Nor is this just an American phenomenon. In a story about
virtual reality games, for instance, one fellow commented to Japanese 2channel,
“I don’t like real women. They're too picky nowadays. I'd much rather have a
virtual girlfriend." A female Tokyo
fashion editor agreed in gender-reversed fashion to The Guardian: "Maybe
we're just advanced human beings. Maybe we’ve learned how to service
ourselves.”
There always has been a battle of the sexes. It always has
been a staple of popular culture. (Let’s leave the likes of Aristophanes and
Shakespeare aside, though it would be easy enough to go there.) It’s hard to
find a more mutually sadistic couple than Glenn Ford and Rita Hayworth in Gilda (1946), for example, as they
relentlessly get at each other for unspecified past wrongs. Yet I can’t help
noticing a change in tone which kicked in after the ‘70s: a rising expectation
that that romance means letting oneself in for emotional abuse – e.g. Joan Jett
I Hate Myself for Loving You. Clearly,
everyone doesn’t feel this way or there wouldn’t be a next generation, but I
really do hear a lot along this line from both sexes.

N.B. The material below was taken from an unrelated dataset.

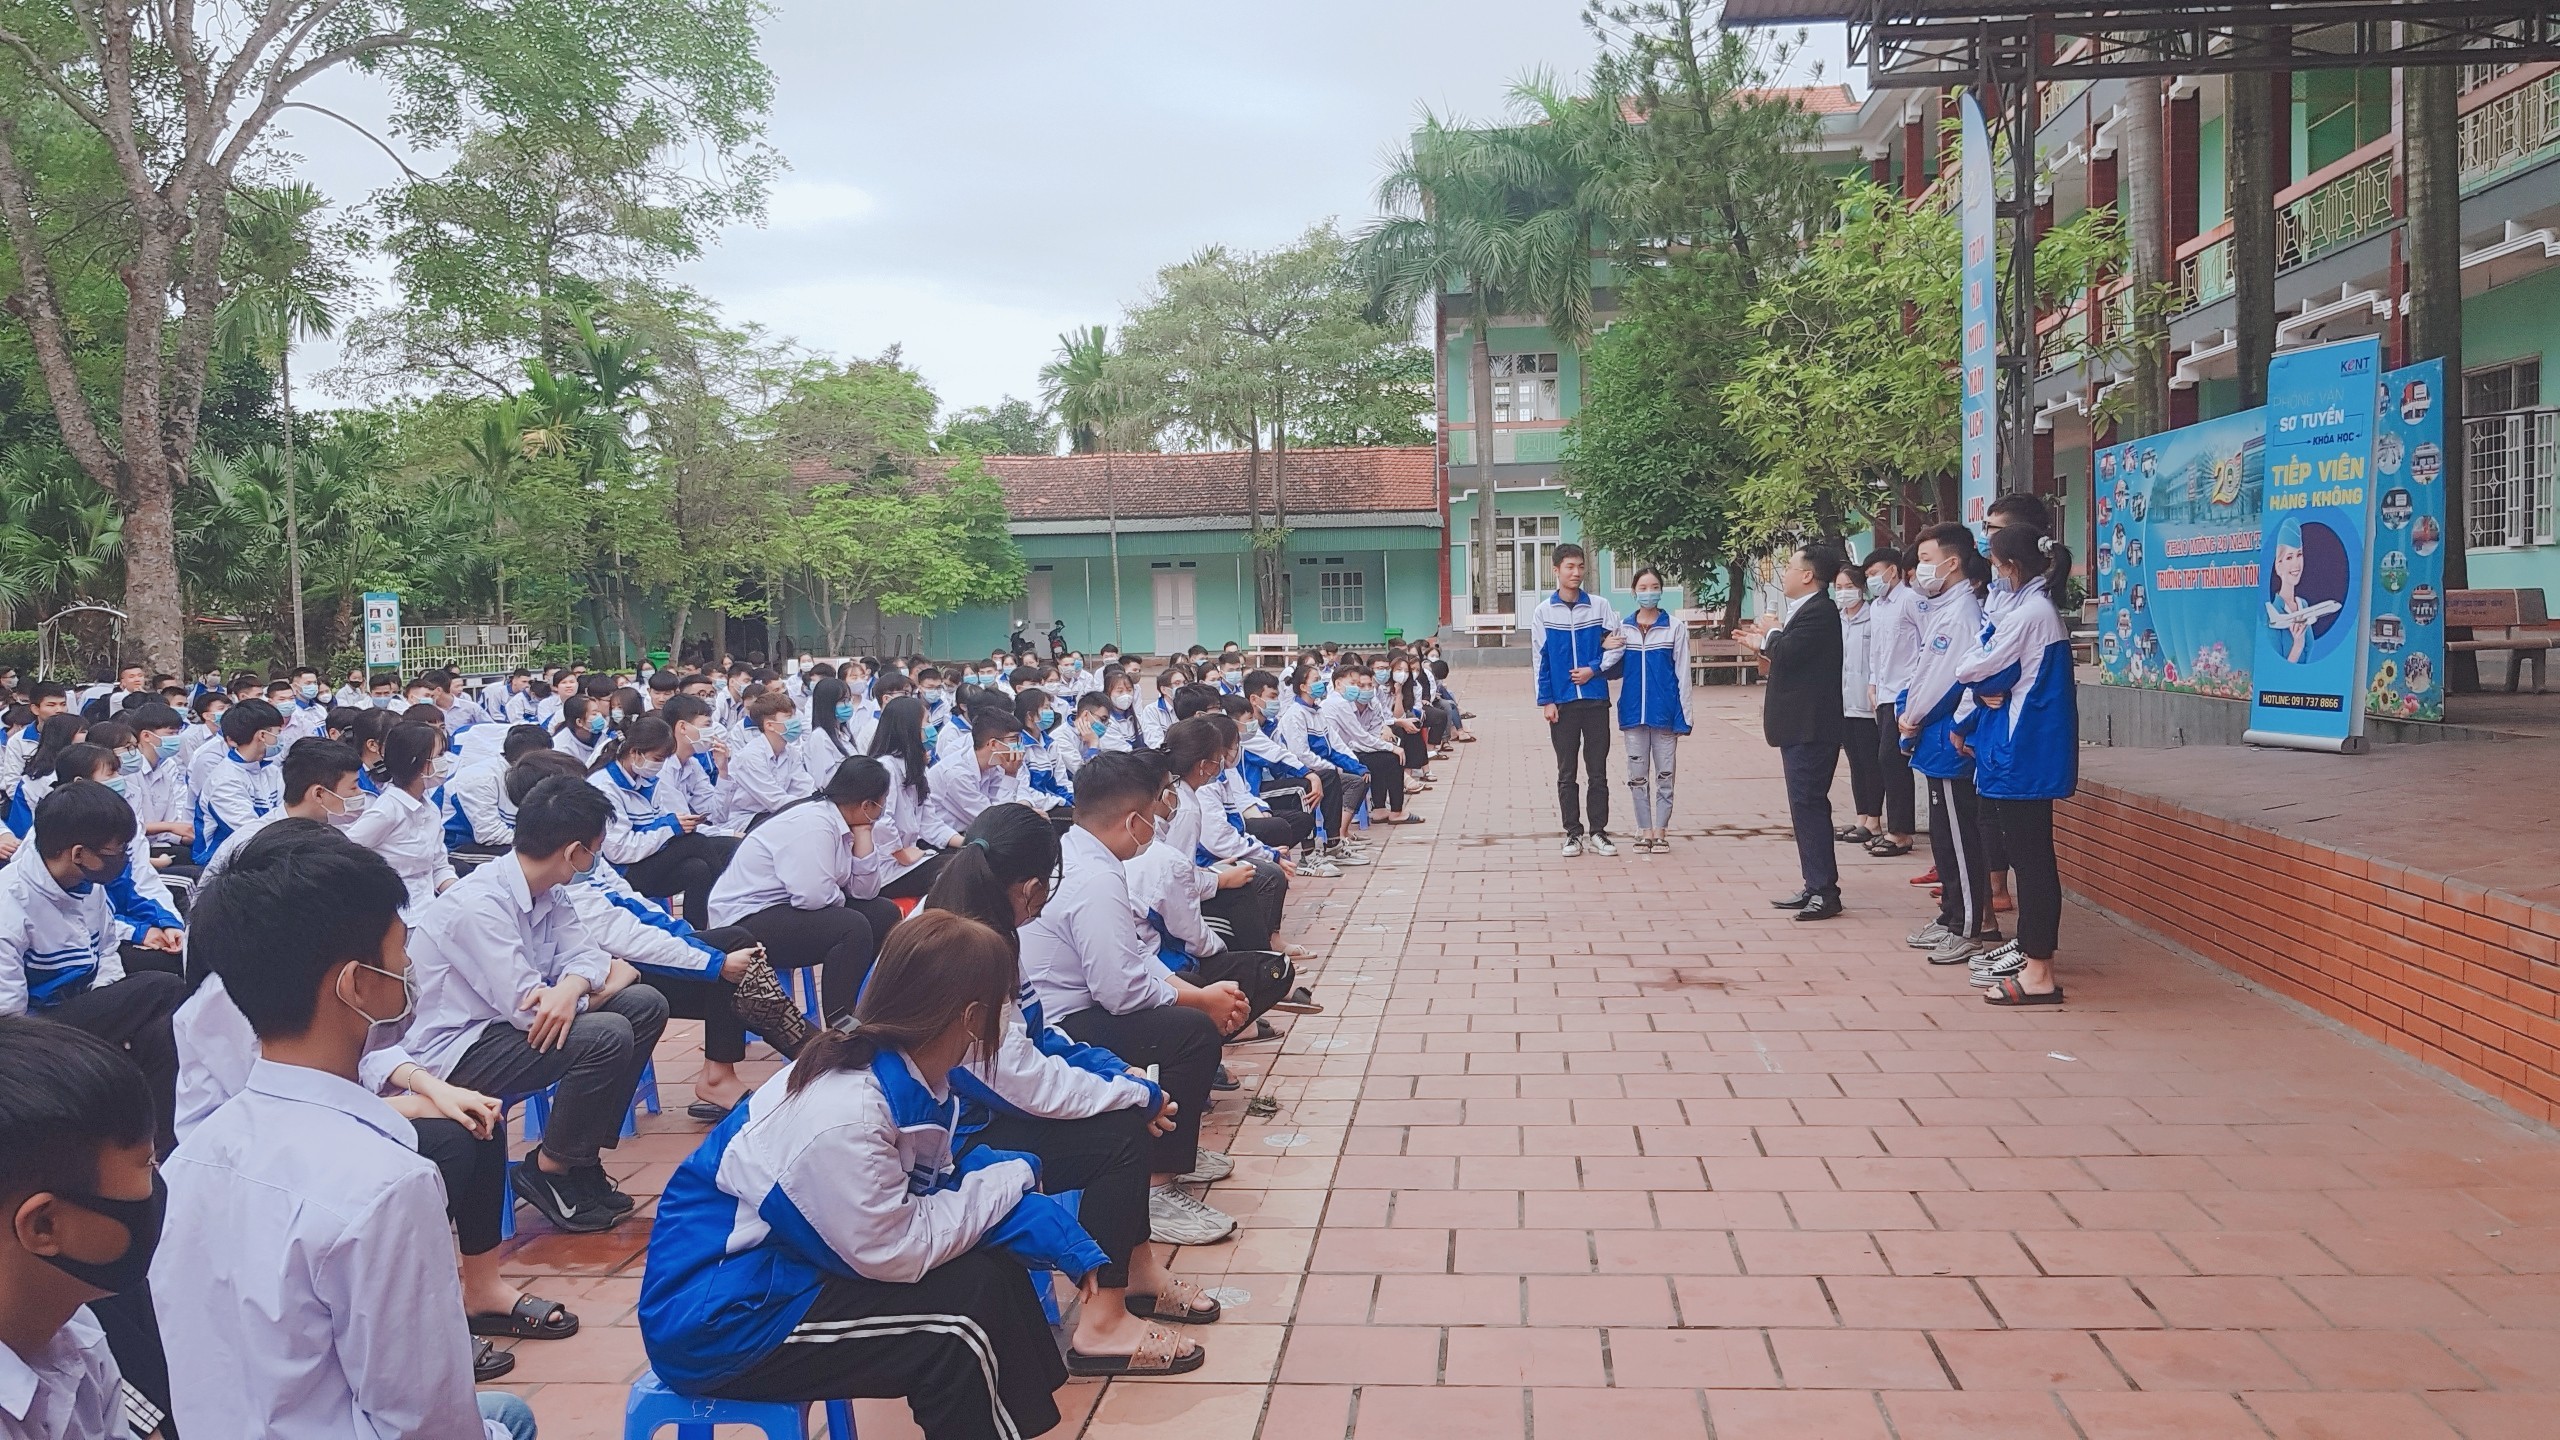 TTọa đàm tư vấn hướng nghiệp cung cấp thông tin thị trường lao động cho học sinh THPT tại Đông Triều, Quảng Ninh

Perhaps there is something positive to this rising cynicism,
if cynicism is what it is. It really is better to be single than to be with the wrong
person, and smashing our rose-colored glasses might help us distinguish the
wrong ones. If another consequence is giving politicians fewer taxpayer pockets
to raid, perhaps that is for the best, too. They might have to consider
spending within our means, though that may be too much for which to hope.
The Offspring’s Global Hit in the 90s Apparently Struck a Chord
Yeah I think it is too much to hope that they will spend within our means.
ReplyDeleteI loved your quotes from Japan. It doesn't surprise me in the least. They have been obsessed with the virtual idol for a long time now. At least the early 90s, (which is when I first saw an anime that featured one), but there have been plenty since.
Not to mention the whole "magical girlfriend/boyfriend" genre which has been going strong since the 70s. These magical partners are often portrayed as nearly perfect next to the annoying and sometimes evil normal folks around them. Or you get the twist where the magical partner is outlandish and fun, while the rest of the normal love interests are boring and dull.